I have been wondering what other countries do. Sweden does not allow crating. Germany has a law that says a dog shall not be kept in a cage smaller than 161 sq feet (that's a little bigger than a 10x15 area). Australia, from a poster here, said they do not crate and it seems to be a USA phenomenon.


----------



## MamaofLEO (Aug 8, 2014)

Stonevintage said:


> I have been wondering what other countries do. Sweden does not allow crating. Germany has a law that says a dog shall not be kept in a cage smaller than 161 sq feet (that's a little bigger than a 10x15 area).

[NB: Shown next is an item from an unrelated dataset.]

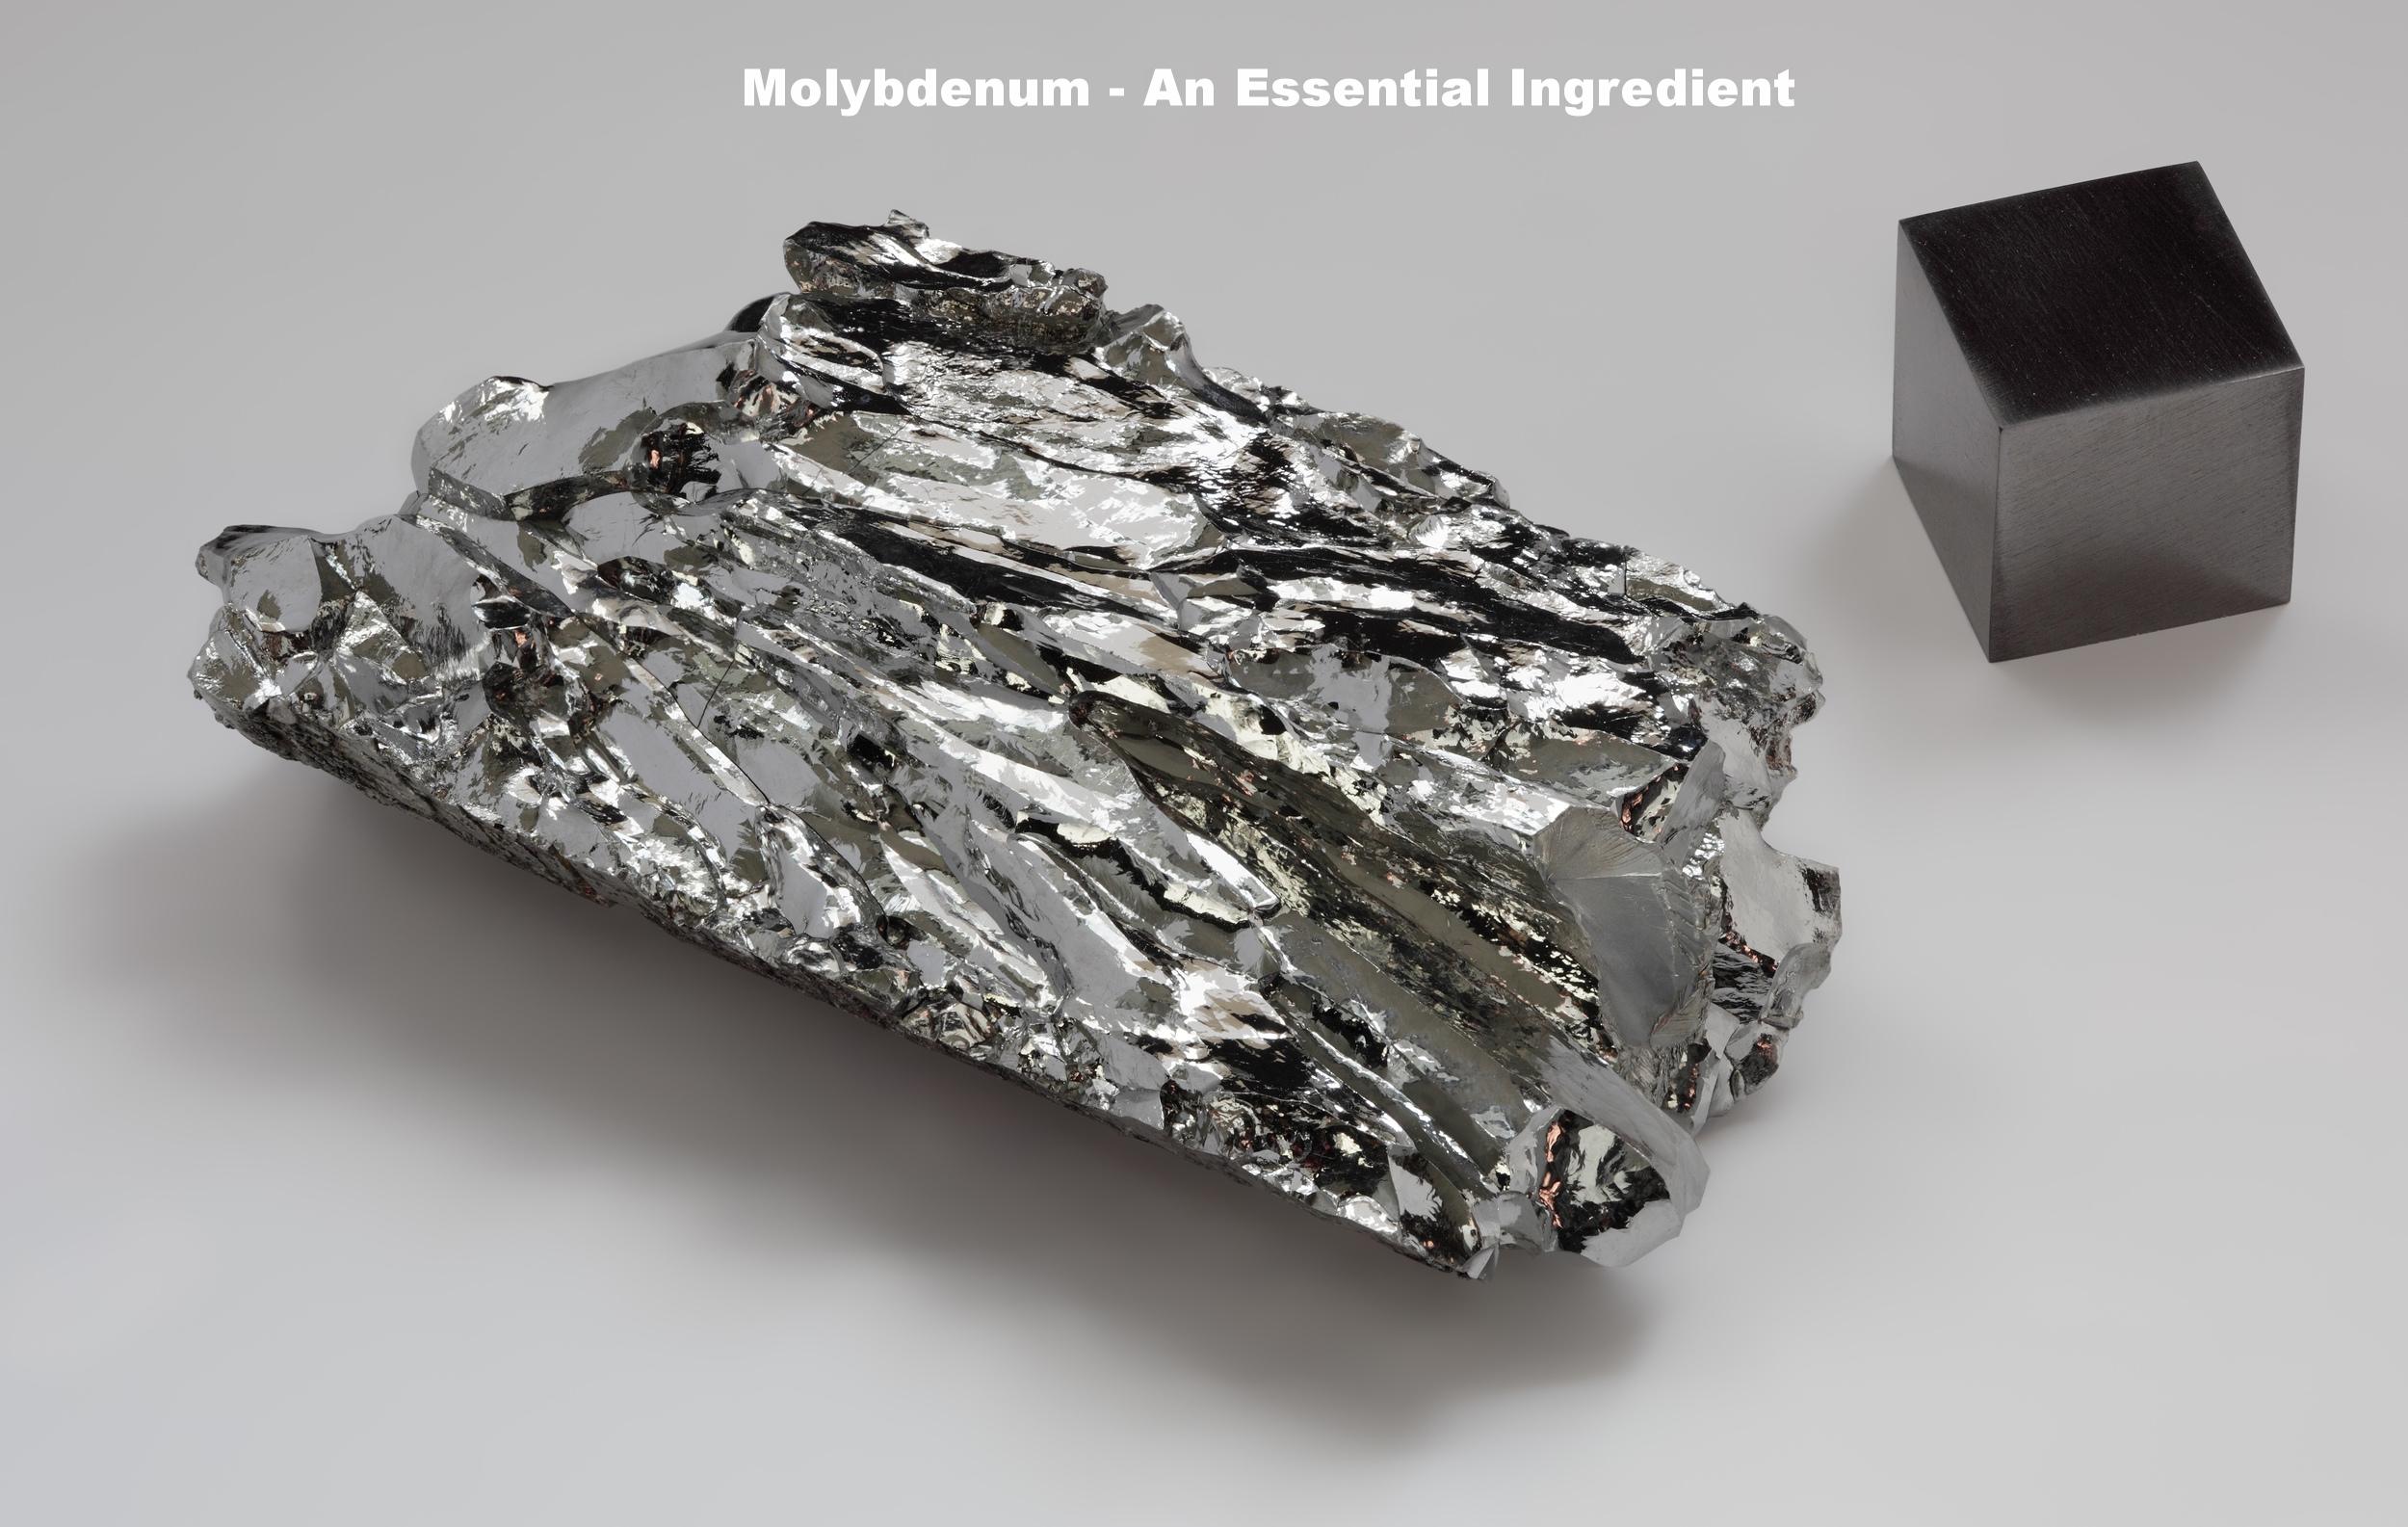 Molybdenum_crystaline_fragment_and_1cm3_cube.jpg

Australia, from a poster here, said they do not crate and it seems to be a USA phenomenon.


"phenomenon"? Where else should a curious, notoriously precocious pup go (outside alone?) when s/he can't be supervised---or gained full trust to run free with no supervision? 

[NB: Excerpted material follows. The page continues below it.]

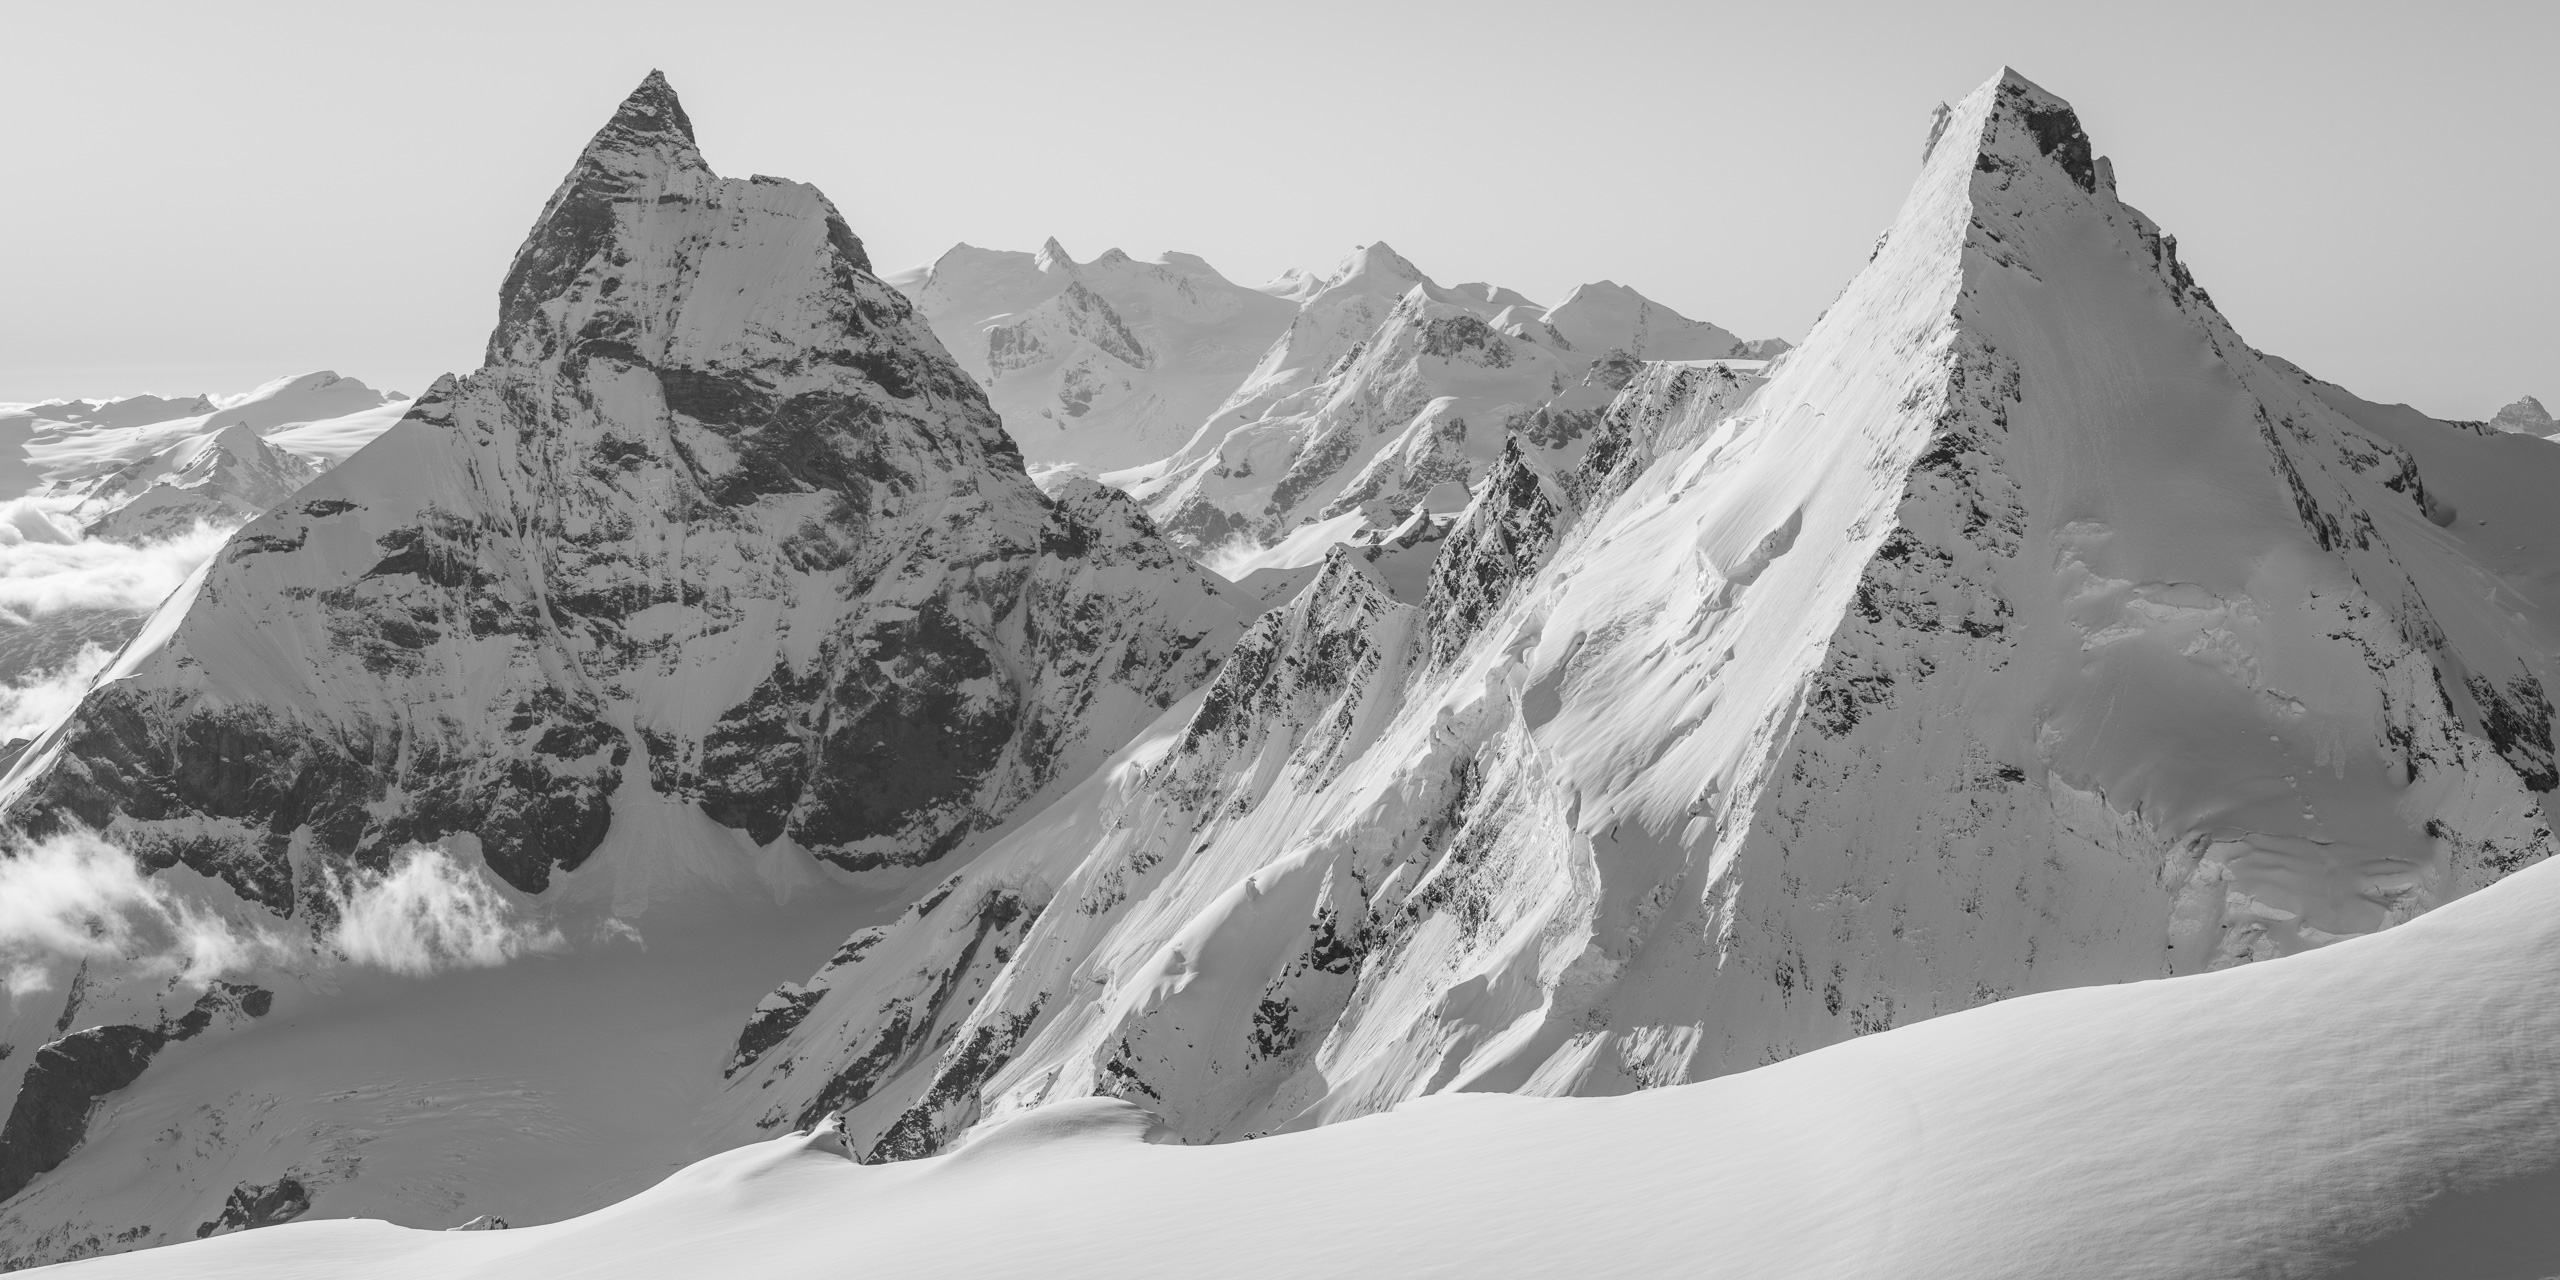 Cervin - Tableau panoramique montagne enneigéed herens

Our pup is 11 months old and crated at night and during nap (every other day). If we need to run an errand where we can't leave Leo or someone can't stay in the car with him (with AC of hot, or heat when cold) he is crated. 

You named countries (ie. Sweden, Germany) that have specific anti-breed laws as well, so that may not be the best comparison of US vs. everyone else concerning dogs.  

http://www.patriciamcconnell.com/theotherendoftheleash/dog-laws-around-the-world 

And also...this...(for the broader-pet-law reference)











Although, to be fair, Shane, our Sr. dog and current resident of IL, does enjoy #9 (although a nice cognac and no cigar) from time to time.


----------



## LoveEcho (Mar 4, 2011)

My female is crated while I'm at work, my male has house privileges. 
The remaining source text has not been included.